(RECORDED DATA begins)

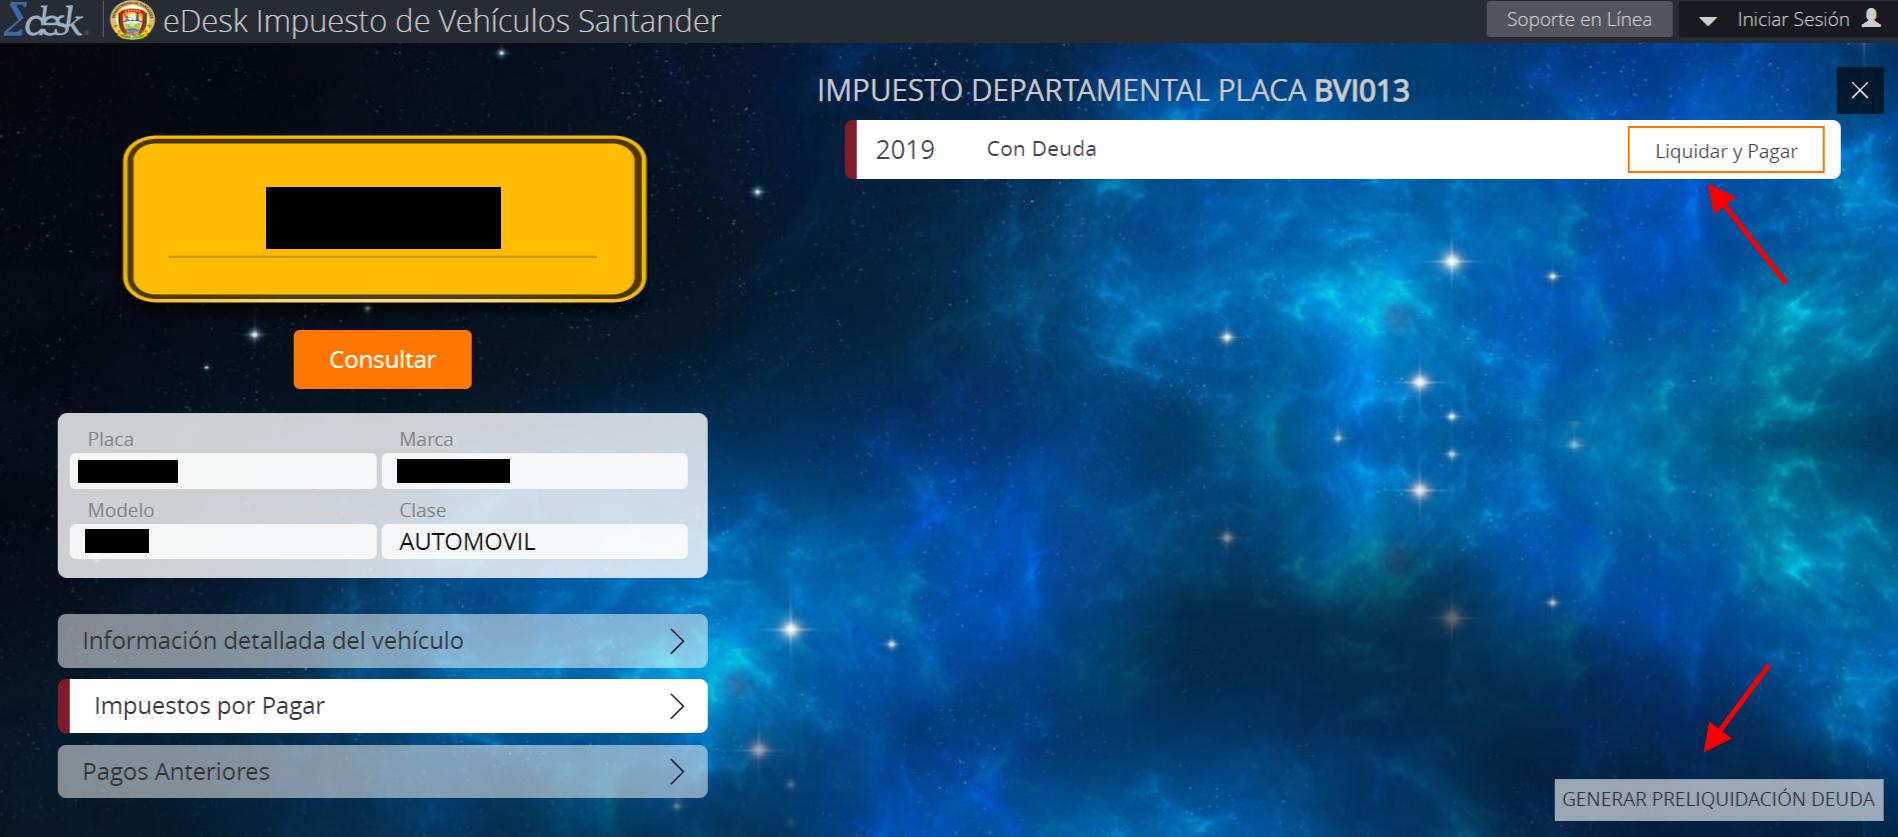 Impuesto de vehículos en Santander 2019
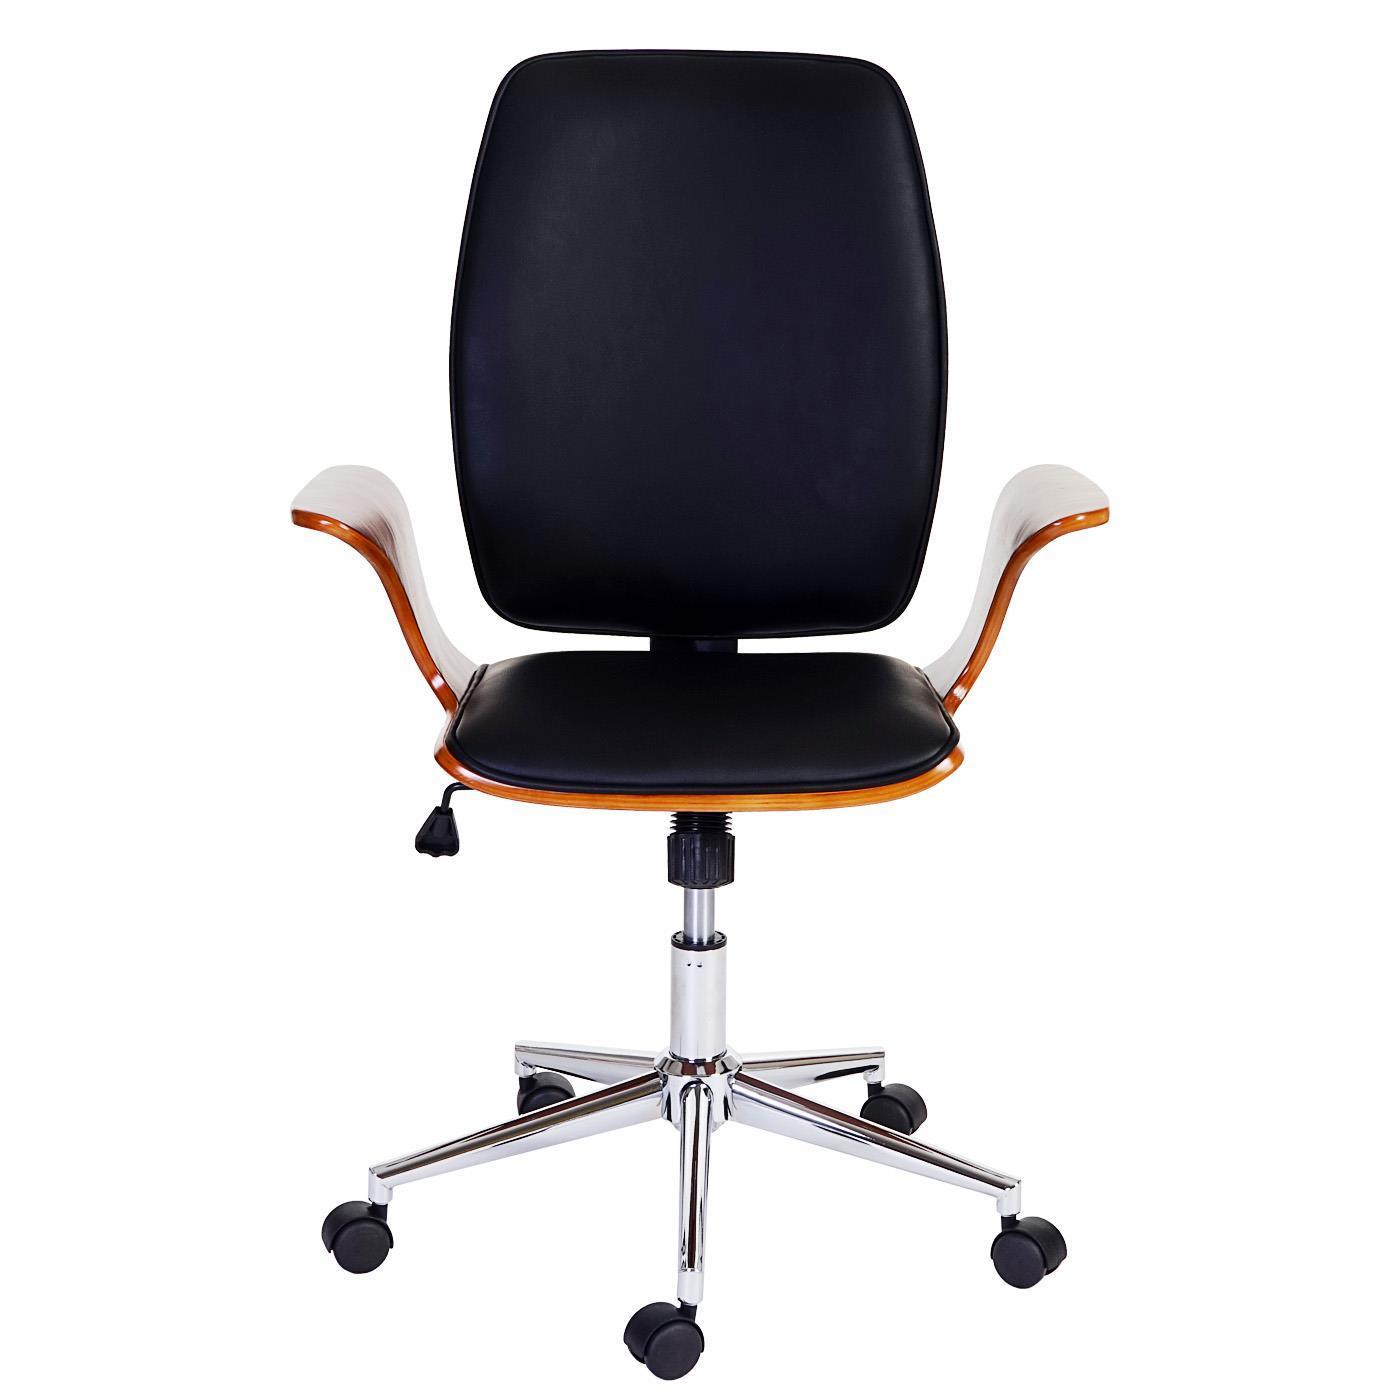 Chaise de Bureau SATURNE, Design Exclusif, Bois et Cuir ...
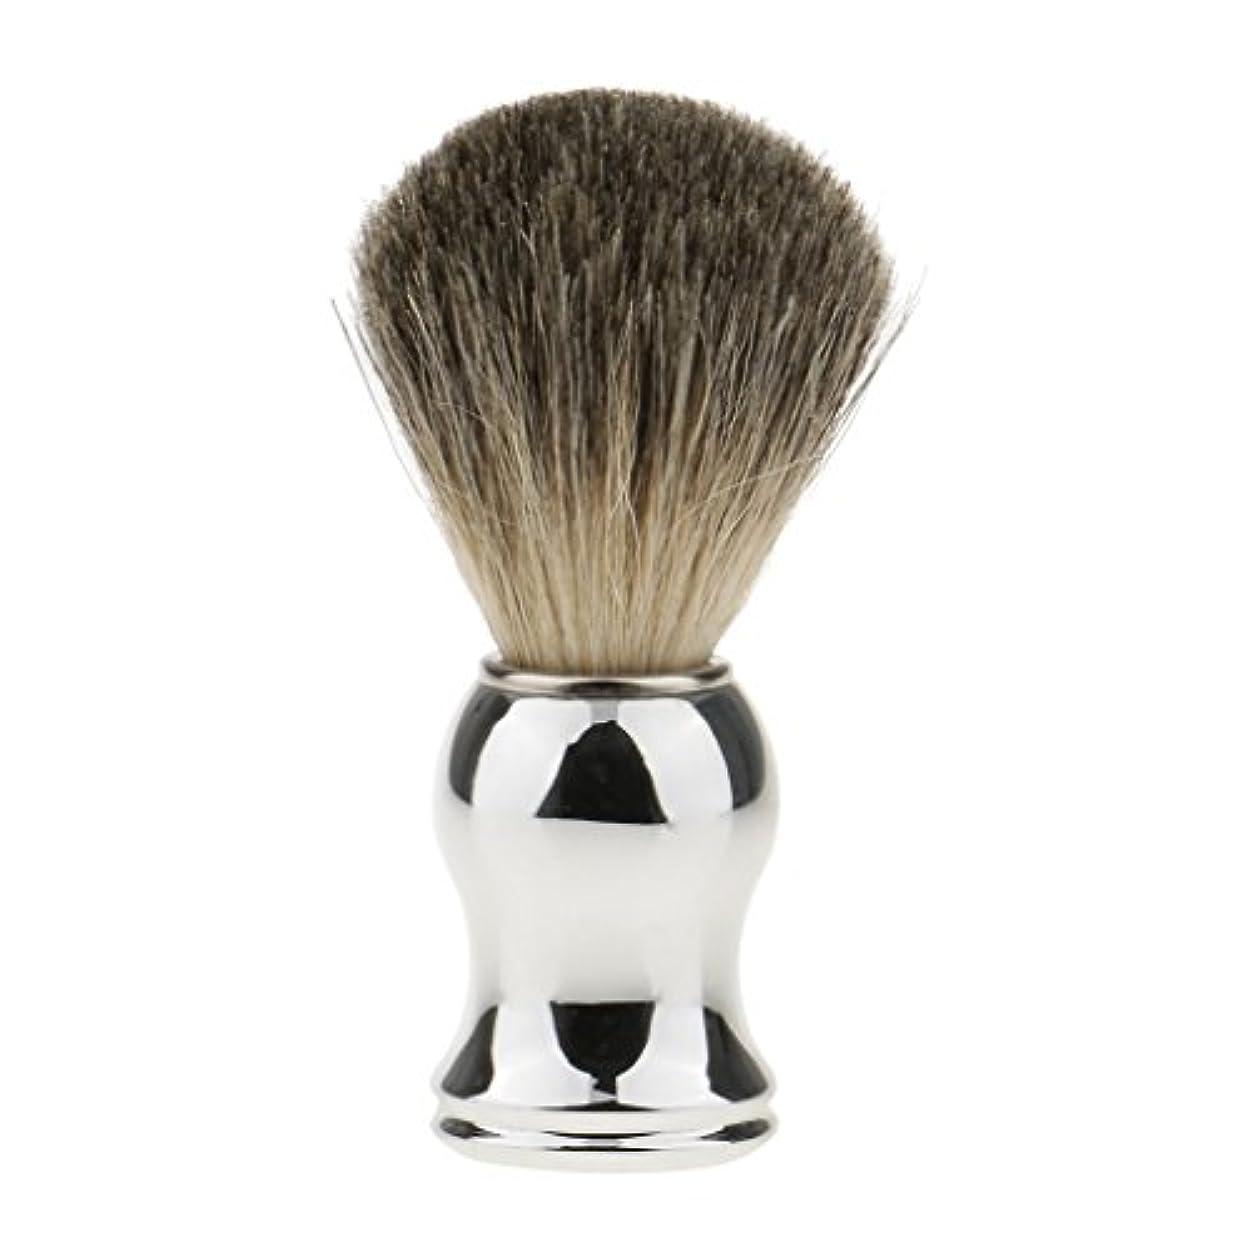 トラップケーキ症候群Hellery ひげブラシ シェービング ブラシ メンズ 理容 洗顔 髭剃り 泡立ち 11.2cm 全2色 - シルバーハンドル
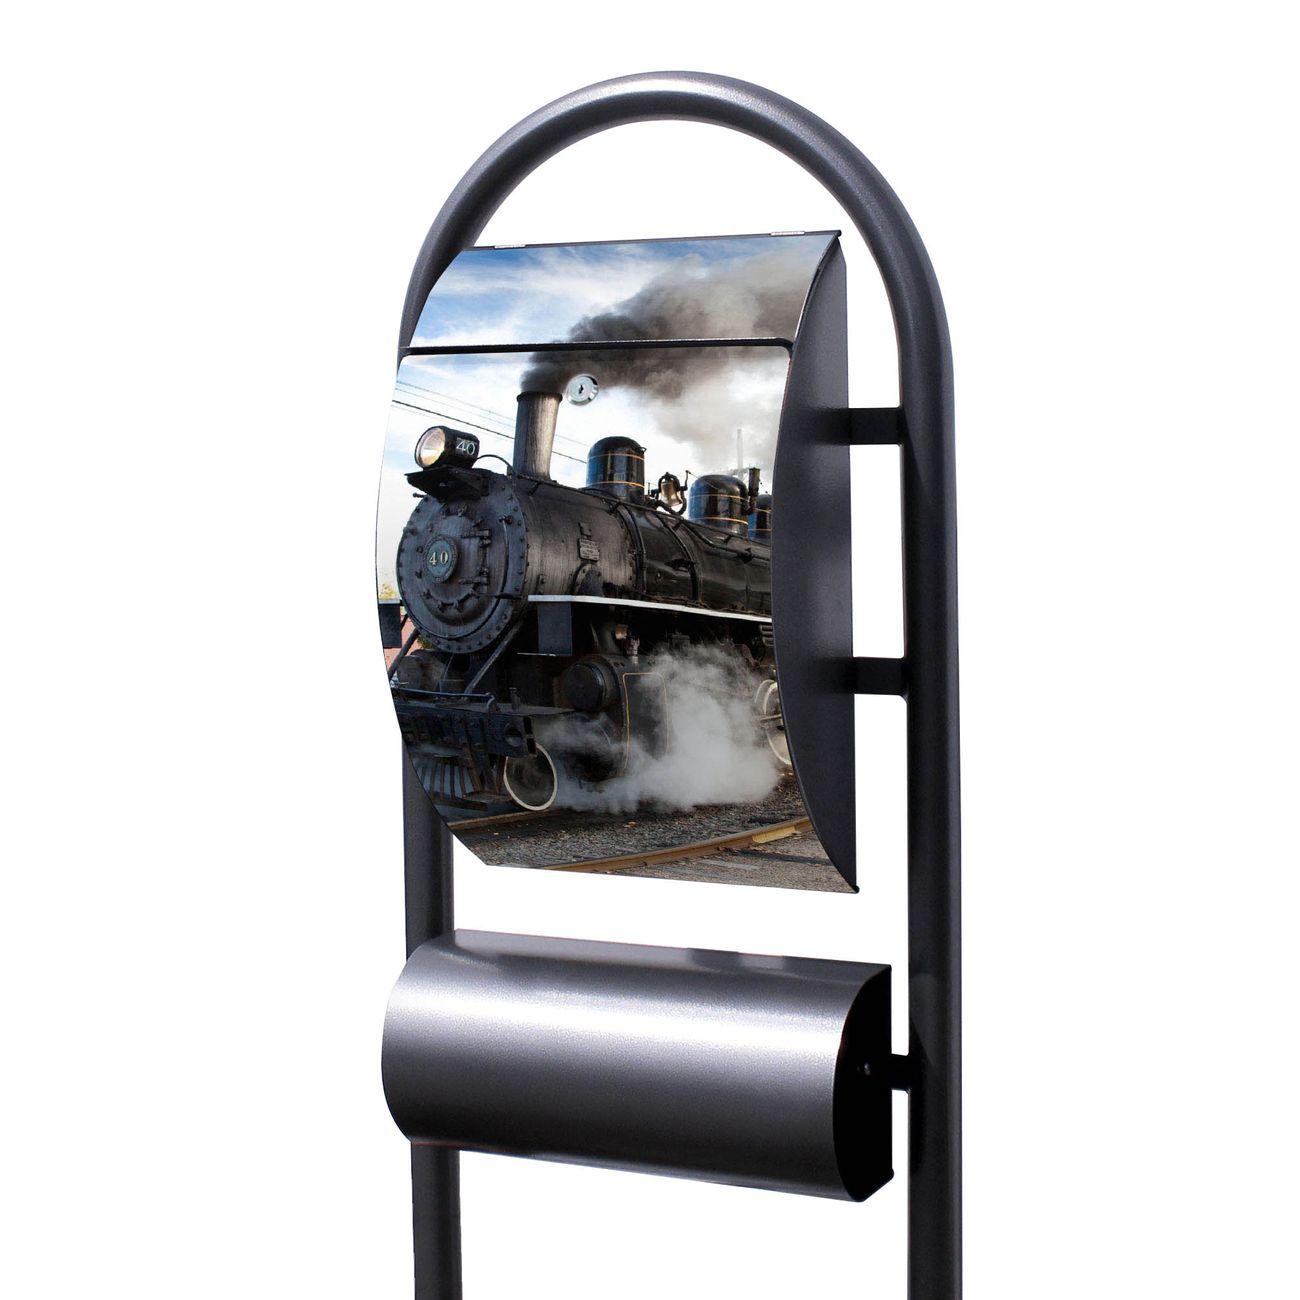 Standbriefkasten Hammerschlag Dampflok

(RECORDED DATA ends)

• **REQUIRED WORK**
Set down the whole listing exactly as given, except for the pictures.

• **REPLY**
 Impuesto de vehículos en Santander 2019
 Chaise de Bureau SATURNE, Design Exclusif, Bois et Cuir ...
 トラップケーキ症候群Hellery ひげブラシ シェービング ブラシ メンズ 理容 洗顔 髭剃り 泡立ち 11.2cm 全2色 - シルバーハンドル
 Standbriefkasten Hammerschlag Dampflok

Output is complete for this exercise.